Jan 21 Lecture 3: Feature selection continued, and Linear dimensionality reduction. Material: Lecture slides, Lecture video in Panopto
Jan 28 Lecture on linear dimensionality reduction continued. Material: no new slides, Lecture video in Panopto: part 1, part 2, part 3, part 4.
Feb 4 Lecture 4: Graphical excellence. Lecture material: Lecture slides, Lecture video in Panopto.
Feb 11 Lecture 5: Human perception. Lecture material: Lecture slides, Lecture video in Panopto
Feb 18 lecture on human perception continued. Lecture material: Lecture slides, Lecture video in Panopto.
Feb 25
Lecture 6: Nonlinear dimensionality reduction, part 1. Lecture material: Lecture slides, Lecture video in Panopto
Mar 3 continuation of nonlinear dimensionality reduction part 1, and beginning of part 2. Lecture material: Lecture slides, Lecture video in Panopto
Mar 10 Lecture 7: Nonlinear dimensionality reduction, continuation of part 2. Lecture material: same slides as March 3, Lecture video in Panopto
Mar 17 Lecture 8: Nonlinear dimensionality reduction, part 3. Lecture material: Lecture slides, Lecture video in Panopto
Mar 24 Lecture 9: Metric learning. Lecture material: Lecture slides, Lecture video in Panopto
Mar 31 Lecture 10: Neighbor embedding, part 1. Lecture material: Lecture slides, Lecture video in Panopto
Apr 7 Lecture 11: Neighbor embedding, part 2. Material: Lecture slides (updated Apr 14, 2020), Lecture video in Panopto
Apr 14 at 12:15-14 Lecture 12: Graph visualization. Note new lecture time. Lecture material: Lecture slides, Lecture video in Panopto
Apr 21 Lectures 11-12 continued. Lecture material: Lecture video in Panopto
Apr 28
Lecture 13: Dimensionality reduction for graph layout. Lecture material: Lecture slides, Lecture video in Panopto
May 5 Recap for course material, discussion of exercise packs.
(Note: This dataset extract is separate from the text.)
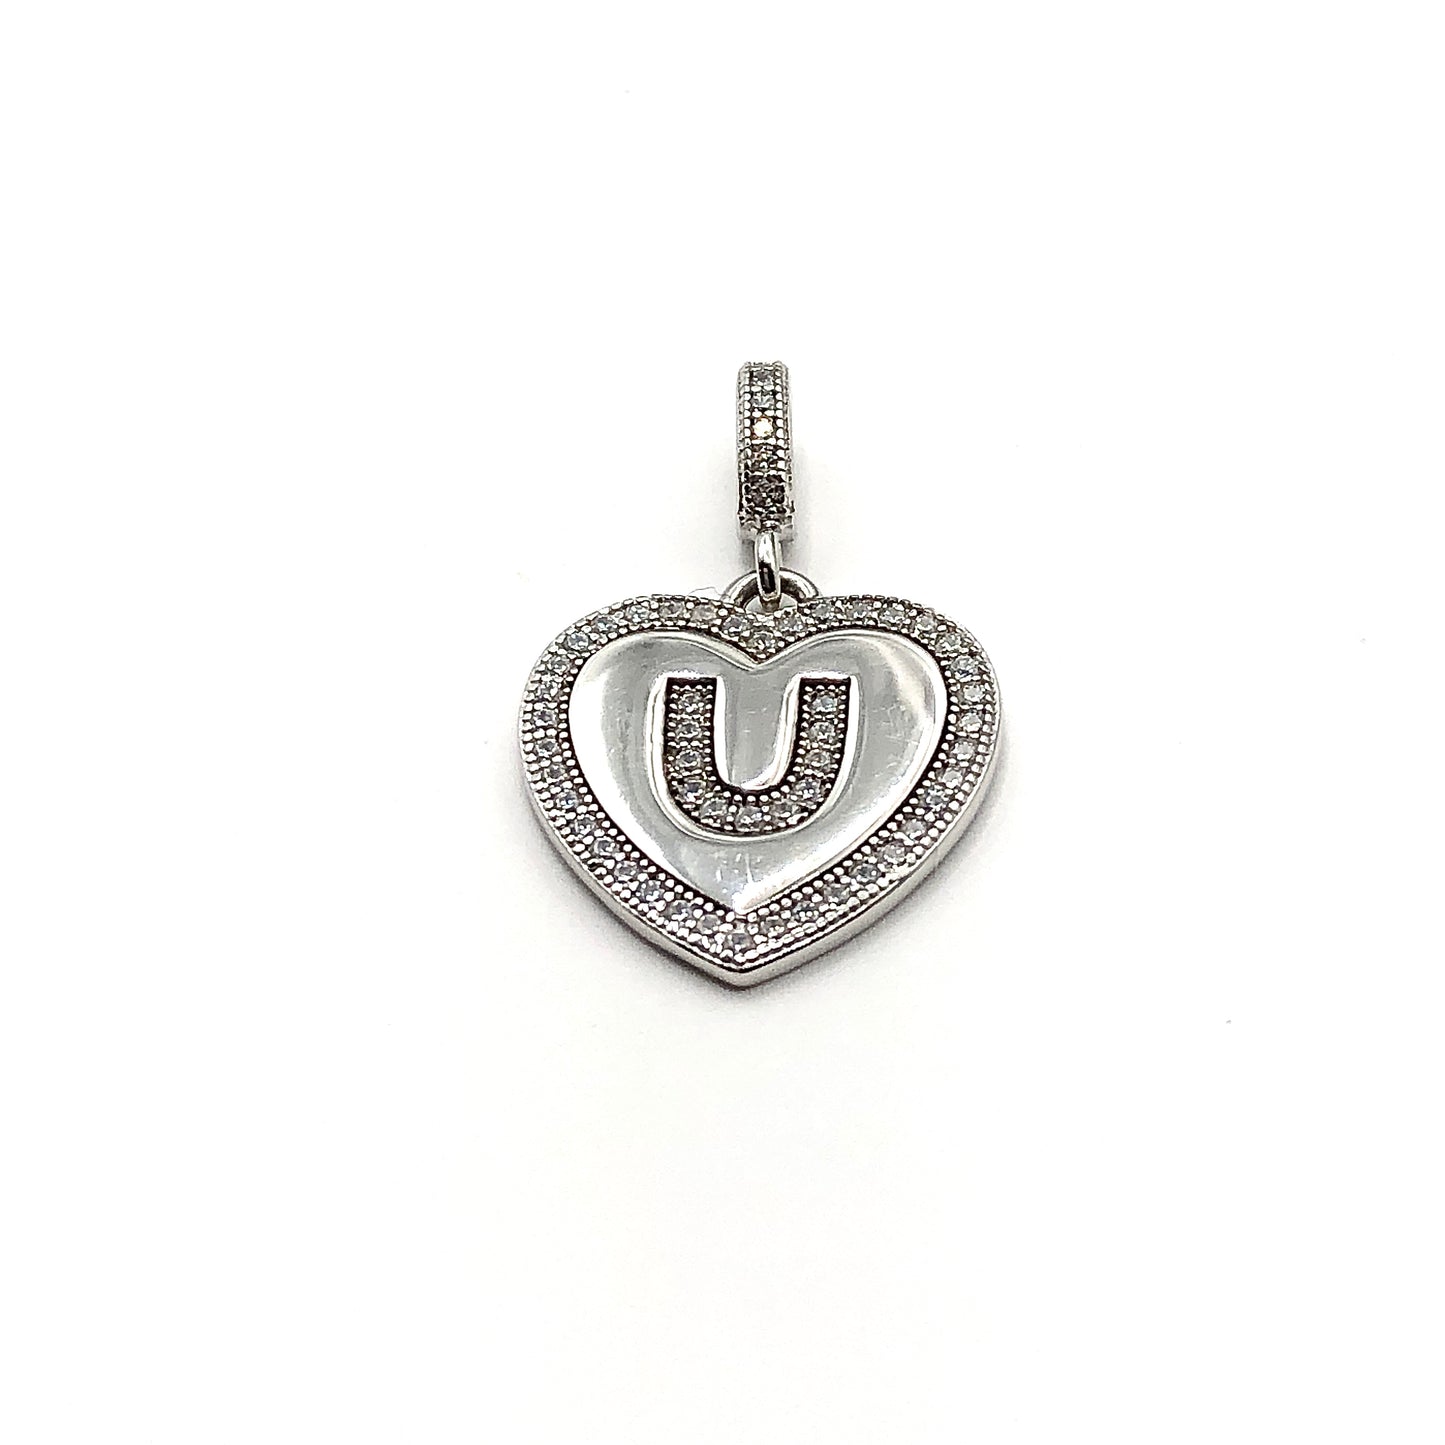 Statement Jewelry | Love You | Pre owned Sterling Cz Trimmed Heart Pendant | Silver Heart Charm
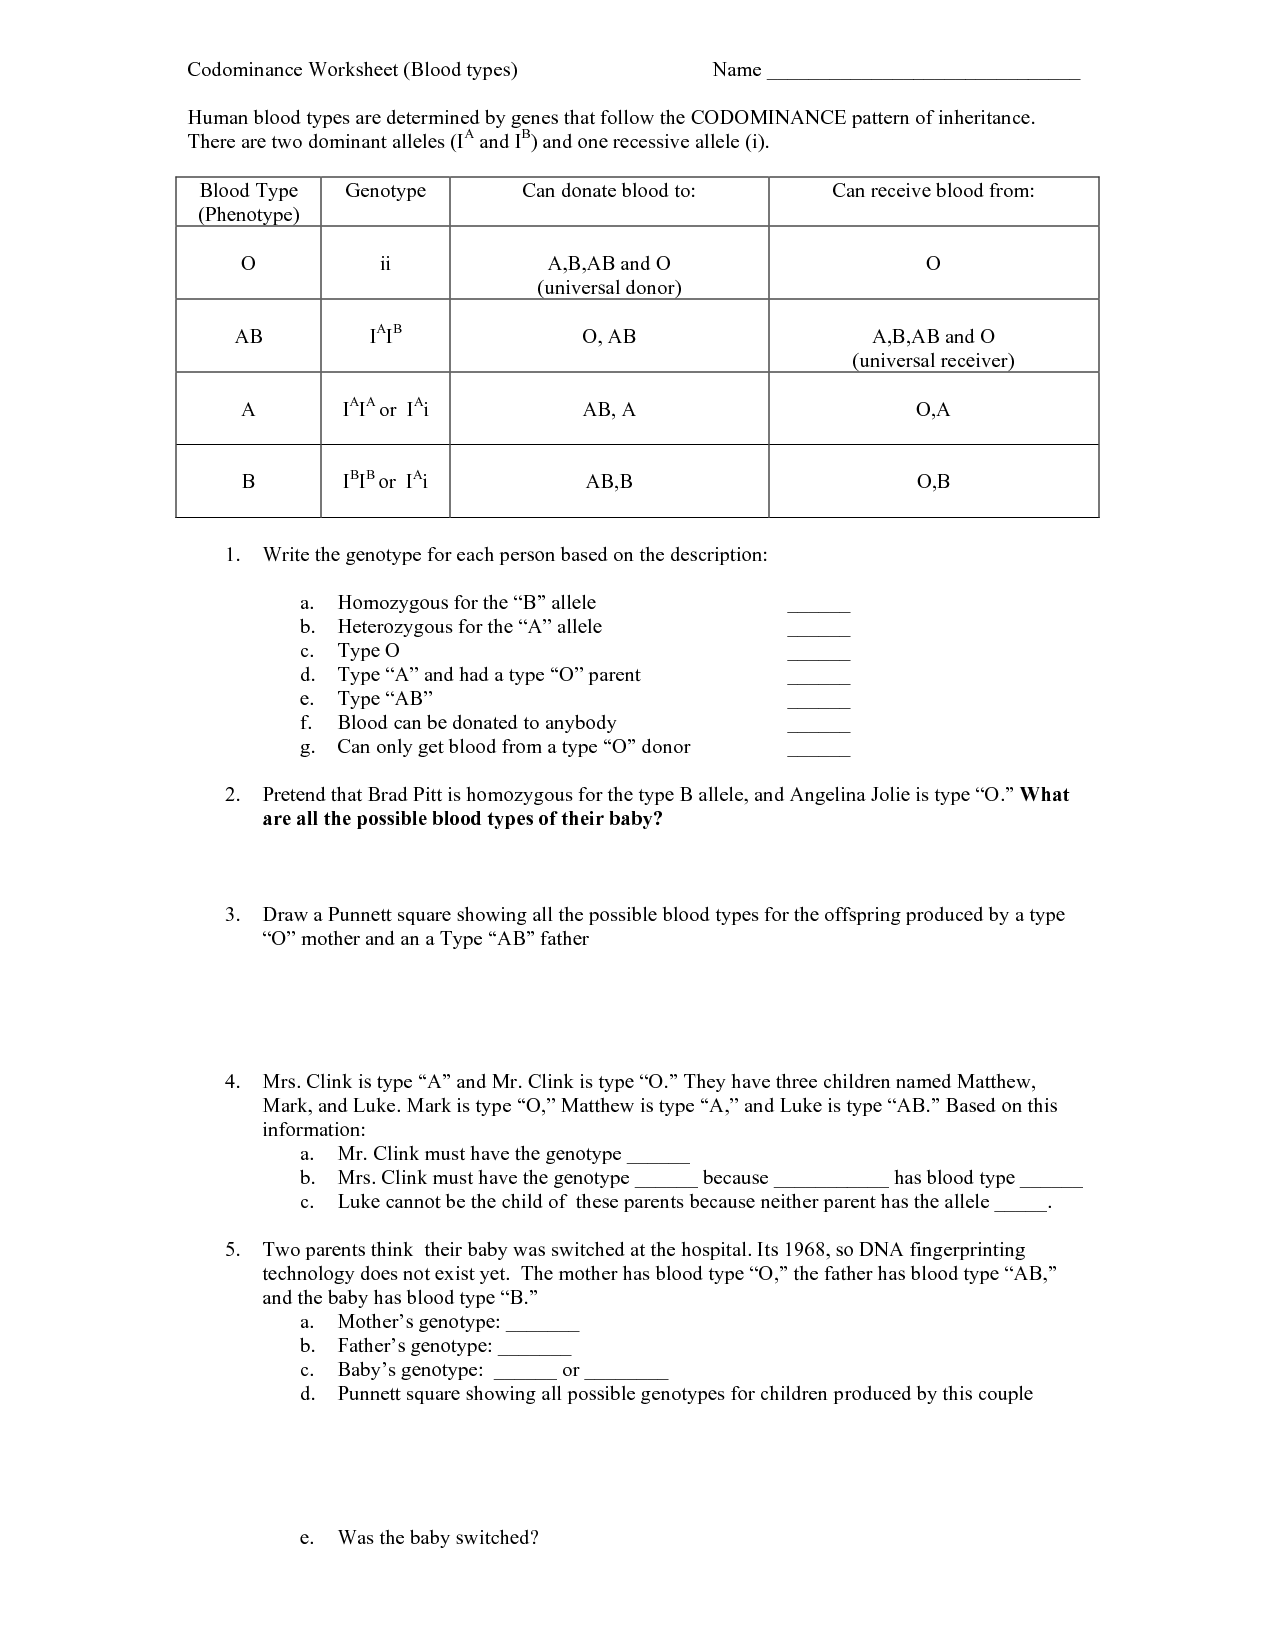 16 Best Images Of Blood Type Worksheet Answer Key Codominance Worksheet Blood Types Blood

Lecture material: Lecture video in Panopto
May 19 Tentative date for first exam.

Exercise Packs

Exercise packs will be released during the course. They can be completed using e.g. Octave, Matlab, or R.

About Octave, Matlab, and R

Octave (GNU Octave) is a free software that is very similar in operation to Matlab, and is available for several systems including Windows, Linux, and Mac OS X. For Linux it is likely available in the software repository of your distribution such as Ubuntu Software Center; for Windows download it
through the download page; for Mac OS X there are various alternatives, the easiest is a slightly older version at SourceForge.

Several tutorials are available online about programming in Matlab and programming in Octave. If you are familiar with R, Prof. David Hiebeler (University of Maine) has written a useful Matlab/R reference that tells how the same operations are done in both languages.

R is a software for statistical computing, also available for Windows, Linux, and Mac OS X. For Linux it might be already installed (check with “which R”) or is likely available in the software repository of your distribution such as Ubuntu Software Center. For Windows and Mac OS X download it through one of the many CRAN mirror sites.

There are a large amount of R tutorials available online (e.g. this one). If you are familiar with Matlab or Octave, Prof. David Hiebeler (University of Maine) has written a useful Matlab/R reference that tells how the same operations are done in both languages.